A objeção de consciência constitui uma expressão da liberdade individual garantida pelo ordenamento jurídico brasileiro, especialmente a partir da Constituição Federal de 1988. Prevista no artigo 5º, inciso VIII, ela assegura ao indivíduo o direito de se eximir do cumprimento de determinadas obrigações legais quando essas entram em conflito com suas convicções religiosas, filosóficas ou morais, desde que aceite uma prestação alternativa prevista em lei. Trata-se de uma prerrogativa que busca conciliar a autoridade do Estado com a proteção da consciência individual, reforçando o pluralismo próprio das sociedades democráticas. Nesse sentido, Silva (2000) observa que a escusa de consciência representa um direito fundamental de eficácia contida, ou seja, uma norma de aplicabilidade direta e imediata que garante o direito desde logo, mas cujo alcance pode ser reduzido por lei, de modo que seu exercício fica condicionado às limitações estabelecidas pela própria ordem jurídica.

A discussão sobre esse instituto está profundamente ligada ao desenvolvimento histórico da liberdade religiosa e da autonomia individual.
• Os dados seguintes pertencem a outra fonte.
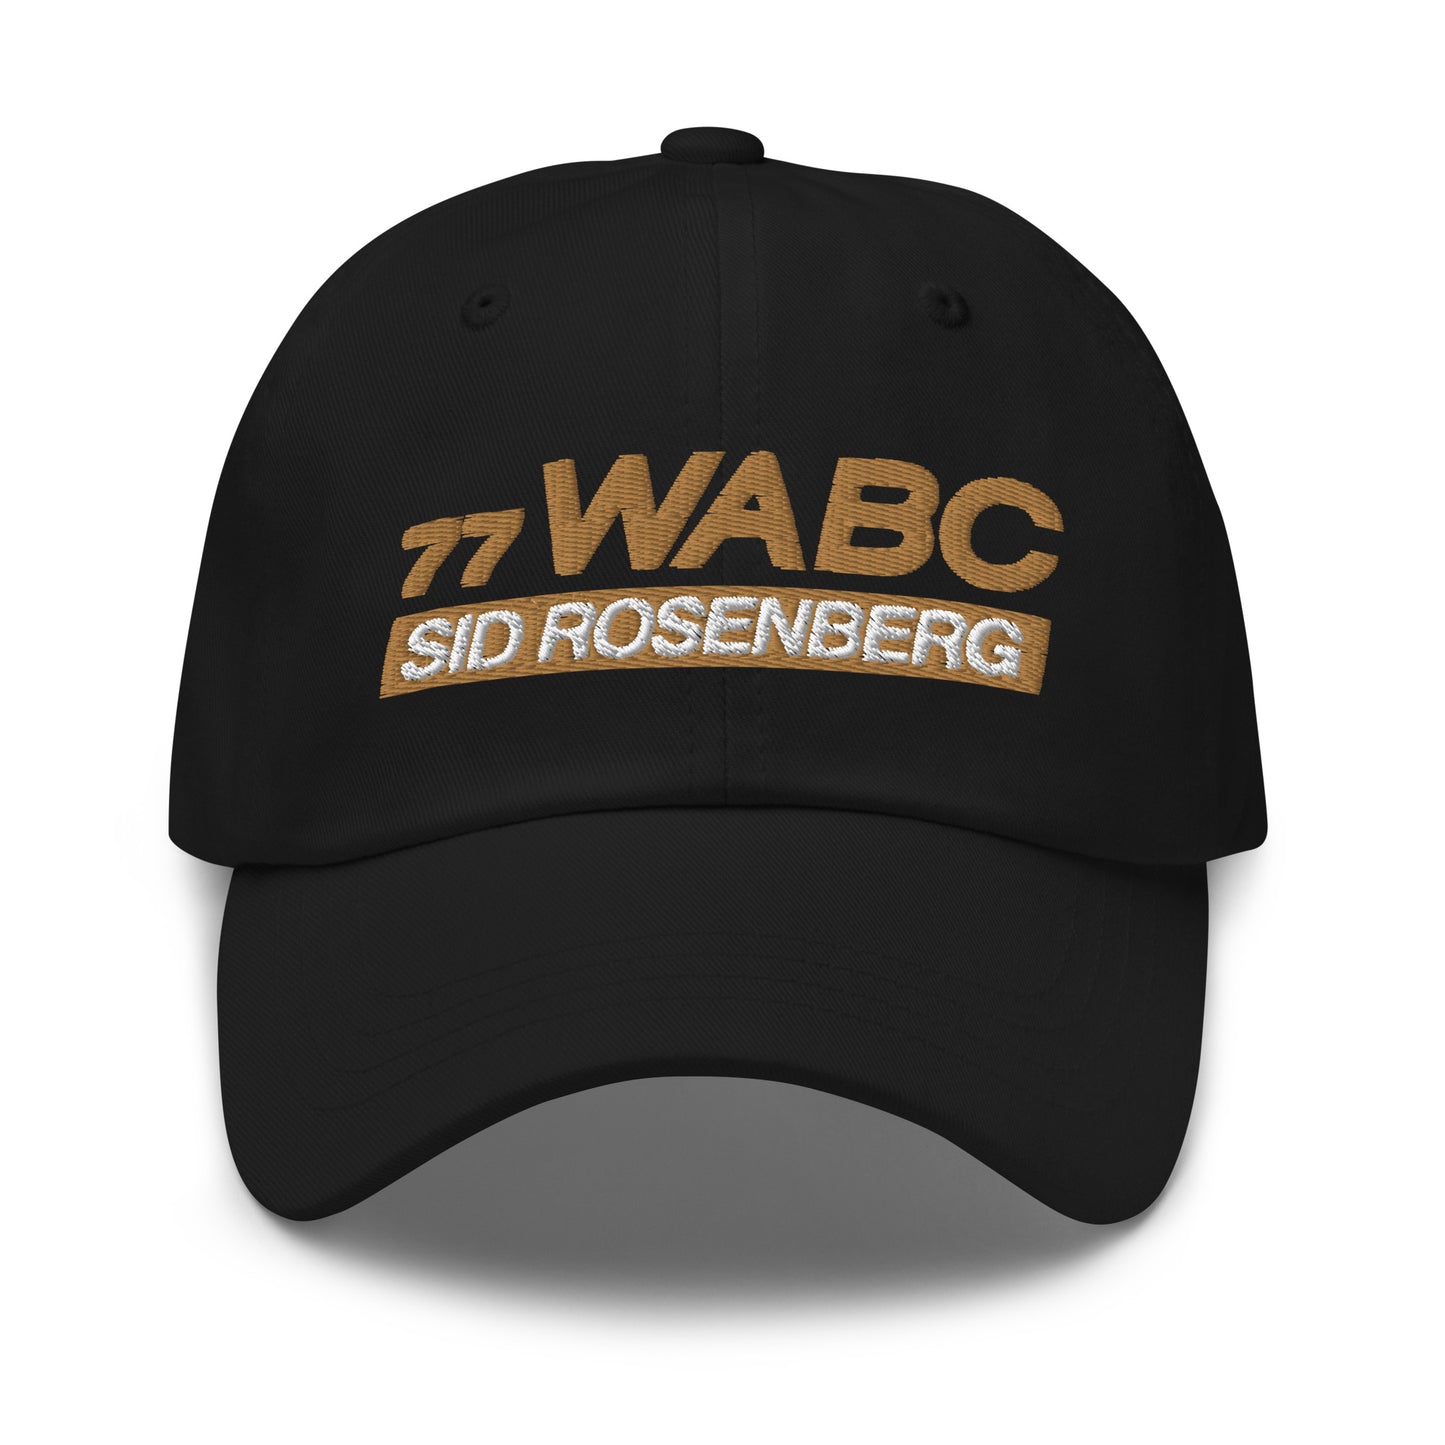 Sid Rosenberg 77 WABC Hat

Como destacam Brega Filho e Alves (2013), o reconhecimento da autonomia moral do indivíduo foi decisivo para o surgimento das modernas declarações de direitos e para a posterior proteção constitucional da liberdade de consciência. Do ponto de vista conceitual, a objeção de consciência pode ser compreendida como a recusa fundamentada no imperativo moral do indivíduo em cumprir determinada obrigação jurídica. Nesse sentido, Greff e Garabini (2017) definem a objeção de consciência como uma forma de recusa individual baseada em convicções éticas, morais ou religiosas profundamente enraizadas, frequentemente invocada em situações nas quais o cumprimento da lei poderia violar a consciência do indivíduo. Entre as manifestações mais comuns desse instituto, encontra-se a chamada objeção de consciência religiosa. Nesse caso, indivíduos recusam determinadas práticas ou deveres legais por considerarem que tais exigências entram em conflito com os princípios de sua fé. A religião, como fenômeno cultural e social de longa duração, exerce influência significativa sobre a formação dos valores individuais.

Outro campo em que a objeção de consciência assume grande relevância é o da bioética médica. Profissionais da saúde frequentemente enfrentam dilemas morais quando determinados procedimentos entram em conflito com suas convicções pessoais. Nessas situações, a objeção pode ser invocada como forma de preservar a integridade ética do profissional. Contudo, como ressaltam Scherer e Sanches (2021), o exercício da objeção de consciência na medicina deve respeitar limites claros, especialmente quando envolve direitos fundamentais de terceiros, como o direito à vida, à saúde e à dignidade do paciente.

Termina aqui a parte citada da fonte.